As opposed to this, in Gujarat and Tamil Nadu anti-establishment institutions of the colonial period were largely dissipated through active involvement of the states and both the ruling and opposition parties try to promote large investments. Appropriate institutional mechanisms evolved to settle labour disputes (for example, in Tamil Nadu government and various political parties intervened to resolve labour dispute in Nokia factory in 2009 and 2010; see Cividep, 2010, Changing Industrial Relations in India’s Mobile Phone Manufacturing Industry, Amsterdam). Society appreciates entrepreneurships in these states and thus there evolved institutions promoting entrepreneurs and encouraging them to grow bigger in size. The effects are visible in the form of a sizeable share of larger firms, high share of manufacturing GSDP and the average productivity of labour close to national average for Tamil Nadu and almost double the national average in Gujarat.

The growth story of Gujarat may be debated but it has been noted that most of the coastal states have shown higher growth than the so-called BIMARU (Bihar, Madhya Pradesh, Rajasthan and UP, referring to their poor economic stand-up) states. Usually a coastal state has the twin advantages linked to greater global access and lower transportation costs. Other coastal states, such as Maharashtra and Tamil Nadu have also performed well. But sustaining faster growth for a relatively longer period of time, as Gujarat has done, is challenging.

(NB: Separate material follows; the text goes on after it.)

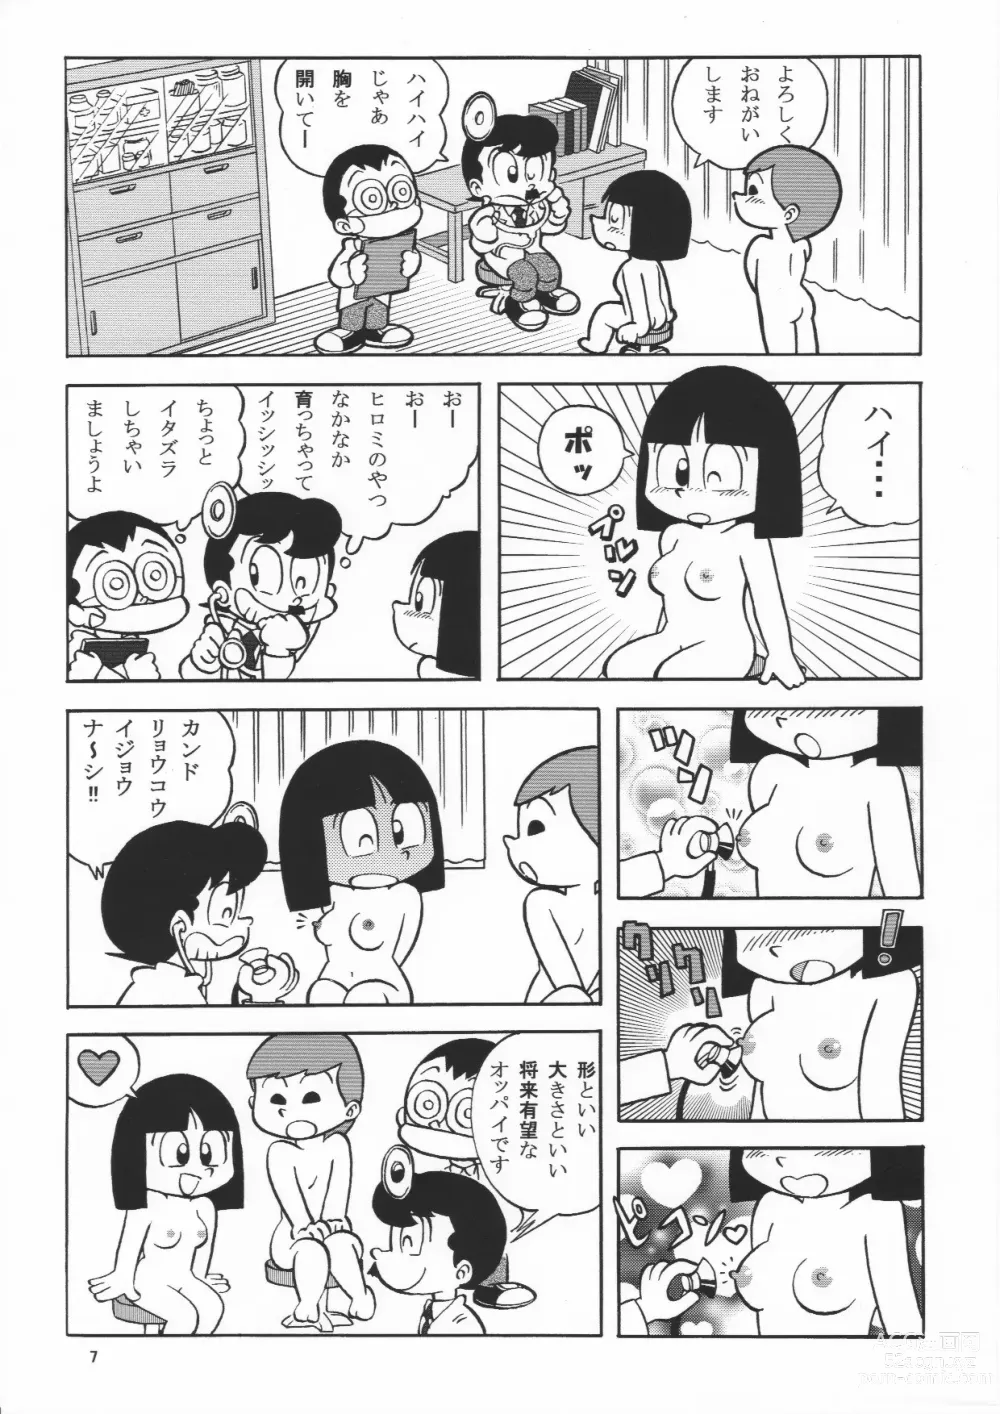 Page 7 of doujinshi (Maicching Machiko Sensei)

The state’s GSDP grew at a CAGR of 12.9 per cent, during 2015–16 to 2020–21.Footnote 2 About 25 per cent of India's sea cargo passes through Gujarat's ports. Gujarat has diversified its industrial structure considerably since it has acquired statehood in 1960 from the erstwhile Bombay State. Textiles and the auxiliary sectors were the major contributors to industrial economy of the state during 1960s, which was subsequently transformed in the span of over 50 years. Refinery, petrochemicals and gems & jewellery came up in a big way in the transformed scenario. There are 106 product clusters and 60 notified Special Economic Zones (SEZs)Footnote 3 that mostly support large to medium enterprises. Such a massive industrialisation could not have taken place had there been institutional environment encouraging labour disputes and anti-establishment movements.

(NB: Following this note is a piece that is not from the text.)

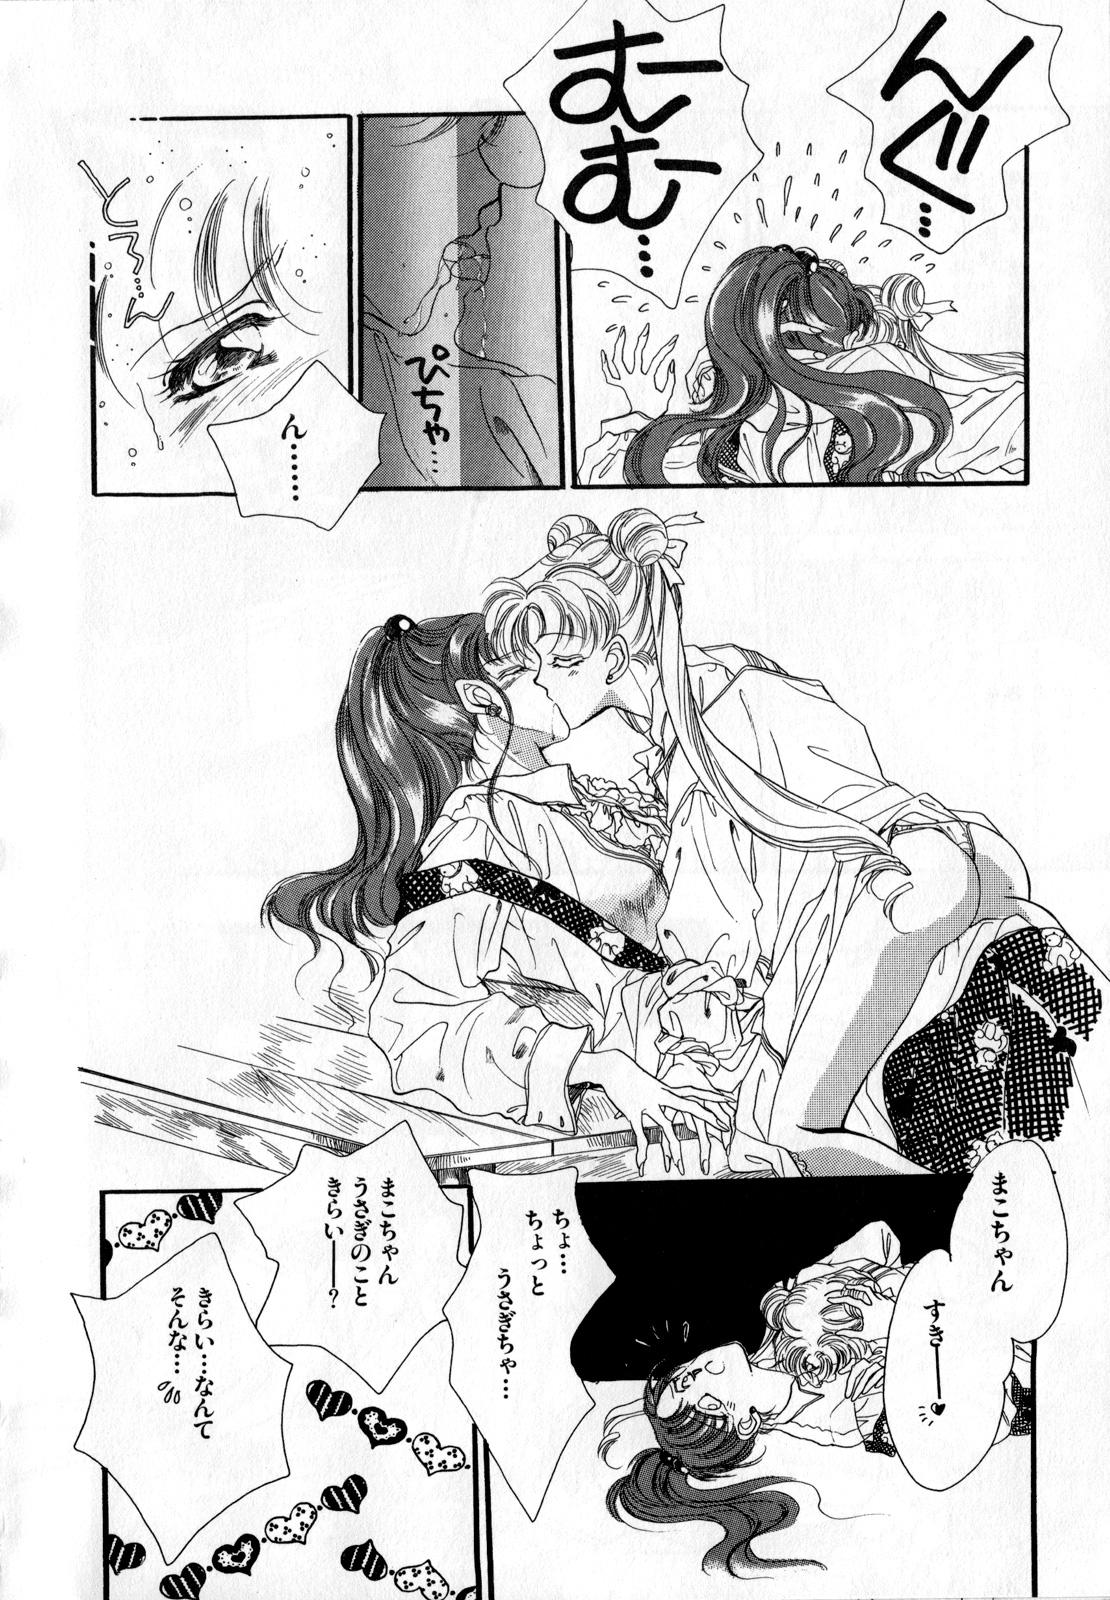 Porn Sluts Lunatic Party 2 - Sailor moon Creampie - Page 7

The distribution of employment across small, medium and large firms was found to be highly polarised in West Bengal with medium firms having less than 9% share and the small and large firms have 51% and 40%, respectively, in 2015–16. In Gujarat, Tamil Nadu and Telangana the share of small firms systematically declined and that of large firms rapidly increased while the medium firms made moderate gain (Table 2). The productivity gap between small and medium firms was much more in West Bengal and Telangana than in Tamil Nadu and Gujarat indicating restricted mobility in the former states. Notwithstanding these interstate productivity differences, graduating from small to medium size would raise productivity at much higher rates than from micro to small or from medium to large firms. The problem of institutional hindrances to such mobility, both at the level of government administration and at the level of labour market, must be addressed by the respective governments.

3.2.1.2 Moderate Manufacturing Density States

States with moderate manufacturing density as per employment criterion, are Karnataka, Maharashtra, Andhra Pradesh, Punjab, UttaraKhand, Himachal Pradesh, Delhi, Haryana and Kerala, although quite a few of them have a high share of manufacturing GSDP. Many of these states have one or more regions with high manufacturing employment density and/or traditionally developed industries, for example, Mumbai and Thane in Maharashtra, Kochi in Kerala, Ludhiana in Punjab, Mangalore in Karnataka, Vijayawada, Kakinada and Guntur in Andhra Pradesh. Newly industrialised states are Himachal Pradesh, Haryana and UttaraKhand, where with the active involvement of the state industries have flourished in certain regions. In these three states, micro-firms’ share in manufacturing employment is much lower, ranges from 24% in Uttarakhand to 45% in Himachal Pradesh, which indicates that the small, medium and large firms contribute much more towards employment generation. In Uttarakhand, as part of labour market reforms, the government has given a go-ahead for an ordinance relaxing a slew of labour regulations, which includes among others, giving a free hand to new factories in the state to operate without adhering to the occupational safety and health norms. In general, in the absence of pre-existing organised trade unions and any kind of political mobilisation against large industries, together with state incentives, investors find these states as attractive destinations. Furthermore, the broader institutional environment under which labour market institutions operate plays very important role in guiding the resolution of various conflicts (for example, decade long trade union movement in Maruti plant in Haryana did not result in closure of the plant, but some working solutions were established). The favourable industrial climate enables firms to grow in size and adopt new or capital intensive technology. As a result not only the labour productivity is very high in these states but their share of manufacturing in GSDP is also very high despite being late starters in the race for industrialisation (Tables 1, 4 and 5).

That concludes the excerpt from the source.